The present invention relates to a method and system for compressing and amplifying ultrashort laser pulses.
As used herein, the term "ultrashort laser pulse" refers to a pulse of light in around the picosecond or femtosecond size emitted from a laser.
When an intense ultrashort laser pulse propagates through condensed matter, it temporally distorts the atomic and molecular configuration of the matter. This distortion of the matter instantaneously results in a change in the refractive index of the matter. This change in the index of refraction is directly proportional to the intensity of the propagating intense pulse. The change in the refractive index of the matter, in turn, causes a phase change in the propagating intense light pulse. The phase change causes a frequency sweep within the pulse envelope, typically resulting in a blue shift at the tail end of the pulse and a red shift at the front of the pulse. Typically, the effect is a spectral broadening of the pulse resulting in the generation of a supercontinuum. This spectral effect on the propagating intense light pulse is typically referred to as a self-phase modulation effect.

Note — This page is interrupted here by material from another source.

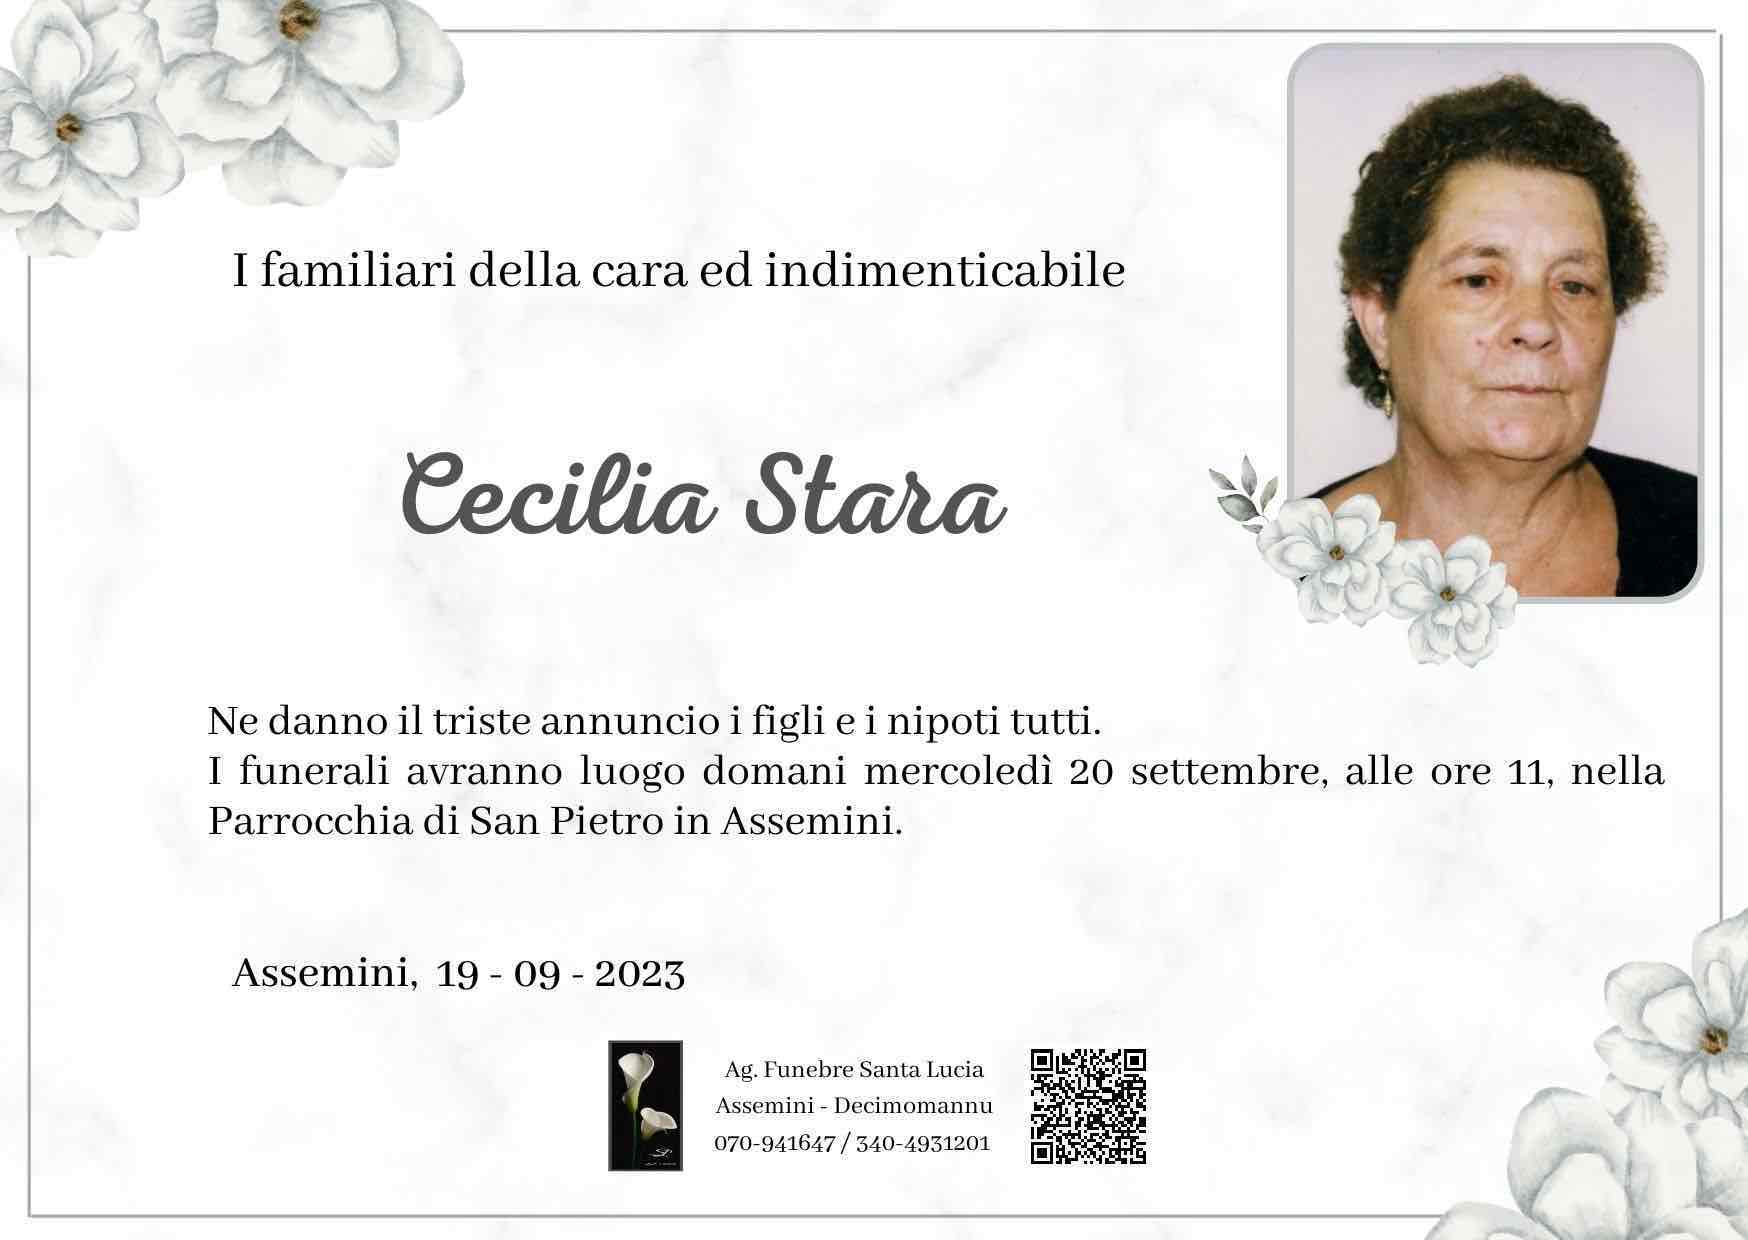 Cecilia Stara

In addition to experiencing self-phase modulation, an intense ultrashort laser pulse propagating through condensed matter will typically undergo self-focusing, that is, a narrowing of the cross-sectional diameter of the pulse. Self-focusing occurs because, typically, the intensity of a pulse of light is greatest at its center and weakest at its outer edges. Since n is directly proportional to the intensity of the pulse, the center of the pulse causes a greater change in refractive index of the matter than the outer edges of the pulses. Consequently, the center of the pulse travels slower than its outer edges, causing the outer edges to bend in towards the center of the pulse. This effect causes the beam to focus.
In addition to experiencing self-phase modulation and self-focusing, an intense ultrashort laser pulse propagating through condensed matter may also be used to induce the phase modulation of and/or the focusing of a co-propagating weak light pulse. These phenomena are typically referred to as cross-phases modulation and induced focusing, respectively.
Cross-phase modulation may result in either frequency shifting (i.e., blue shifting or red shifting) or spectral broadening (i.e., supercontinuum generation), the particular effect depending on the relative times at which the weak pulse and the intense pulse propagate through the matter. For example, if the intense pulse has a greater wavelength than the weak pulse, the intense pulse will travel faster through the matter. Therefore, if the intense and weak pulses are sent propagating into the matter at the same time, the weak pulse will be exposed predominately to the change in refractive index caused by the tail end of the intense pulse. (This is referred to commonly as tail walk-off). The result of tail walk-off is a blue shift of the weak pulse. Analagously, if the weak pulse is sent propagating into the matter ahead of the intense pulse, the weak pulse will feel the effects of the refractive index change due to the front end of the intense pulse (front walk-off). The result of front walk-off is a shaft of the weak pulse to the red. Finally, if the weak and intense pulses are sent propagating into the material so that the weak pulse is subjected to the changes in the refractive index caused by both the tail end and the front end of the intense pulse (e.g. symmetric walk-off or no walk-off), the weak pulse broadens spectrally to both the red and the blue.
Spectral changes arising from cross-phase modulation may lead to changes in the temporal profile of the weak pulse when it propagates into a dispersive medium (i.e. an optical fiber) or a dispersive optical component (i.e. a grating or a prism). For example, if cross-phase modulation results in the spectral broadening of the weak pulse, a further propagation of the weak pulse through a grating pair may slow down its re-shifted frequencies (generated by XPM at the pulse front) with respect to its blues shifted frequencies (generated by XPM at the pulse back), and consequently reduces the pulse duration of the weak pulse.
Cross-phase modulation may also be used to change the spatial distribution of copropagating weak pulses. This effect occurs when the intense pulse generates a spatially-dependent non-linear refractive index. For example, a pump pulse with a Gaussian spatial distribution of its intensity generates a higher refractive index on the propagation axis of the weak pulse. As a consequence, the outer edges of the weak pulse bend in towards the center of the pulse, and the weak pulse focuses.
As a term of art, cross-phase modulation is frequently used generically to refer to both cross-phase modulation and induced focusing.
Condensed matter is very well known in the art. Examples of condensed matter are BK-7 glass, CdSe, liquid Cs.sub.2, NaCl crystal, doped glasses, semiconductor bulk and quantum structures, microcrystalline semiconductor particles in glasses polydiacetylene organic polymer and optical fibers.